Key Default Description
skills.dir "skills" Your skills overlay directory, loaded in addition to the bundled built-in skills. Relative paths resolve under the config home — ~/.config/kenzy/skills, or the repo root in a dev checkout.
skills.disabled [] Skill function names to disable (applies to built-in and overlay skills alike) without deleting any file.

Per-skill configuration lives under skills.<skill_name> as a nested map. See Built-in Skills for the keys each skill accepts.

Memory

Per-person memory — the fact ledger and its upkeep jobs (job history is visible on the service's token-gated GET /jobs).

Key Default Description
memory.enabled true The whole memory feature. false ⇒ no ledger, no memory skills, the /memory endpoints answer 503, and the dashboard's memory surfaces say so.
memory.file "data/memory/facts.jsonl" The ledger file, config-home-relative — plain JSONL, human-readable, rides backups.
memory.maintenance_interval 3600 Seconds between mechanical sweeps (expired facts, exact duplicates, superseded tombstones past their keep window).

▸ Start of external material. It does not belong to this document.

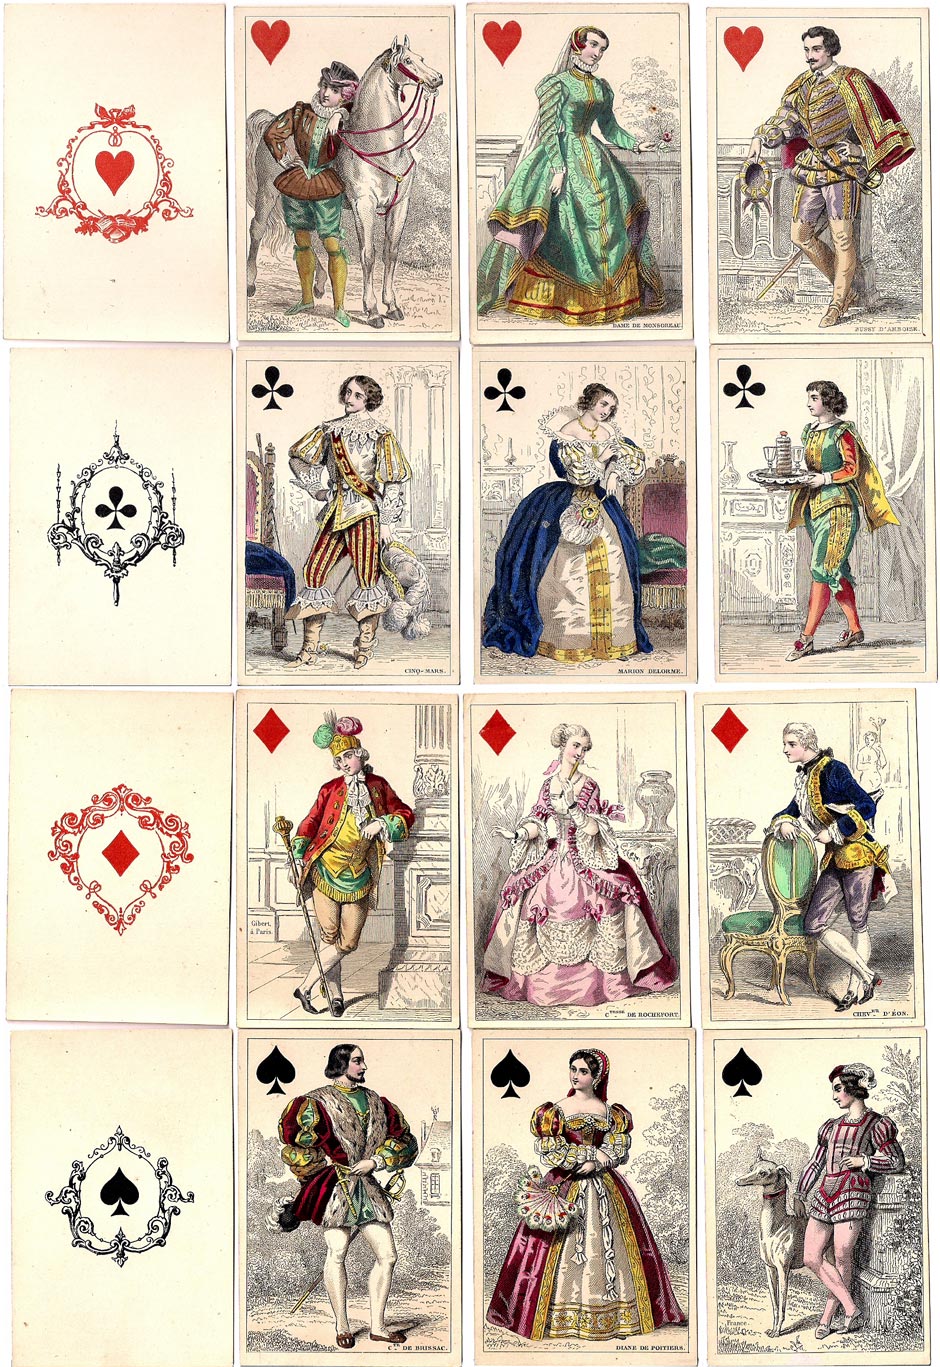 Historical Playing Cards by O. Gibert, Paris, c.1853

No model involved. 0 disables.
memory.superseded_keep_days 30 How long a superseded fact stays on disk (recoverable) before the sweep removes it.
memory.semantic_interval 86400 The daily backstop for semantic consolidation (merging restatements with your configured model). The real trigger is each "remember…" — this catches anything a failed run left behind. 0 disables the semantic layer entirely.
memory.semantic_cooldown 30 Rate limit between model-driven consolidation runs — dictating five facts in a row costs one model call, not five.
memory.private_to_cloud false By default, private-tier facts are withheld from a cloud model's context and consolidation (they still answer by voice, and consolidate on a local model). true opts out of the protection.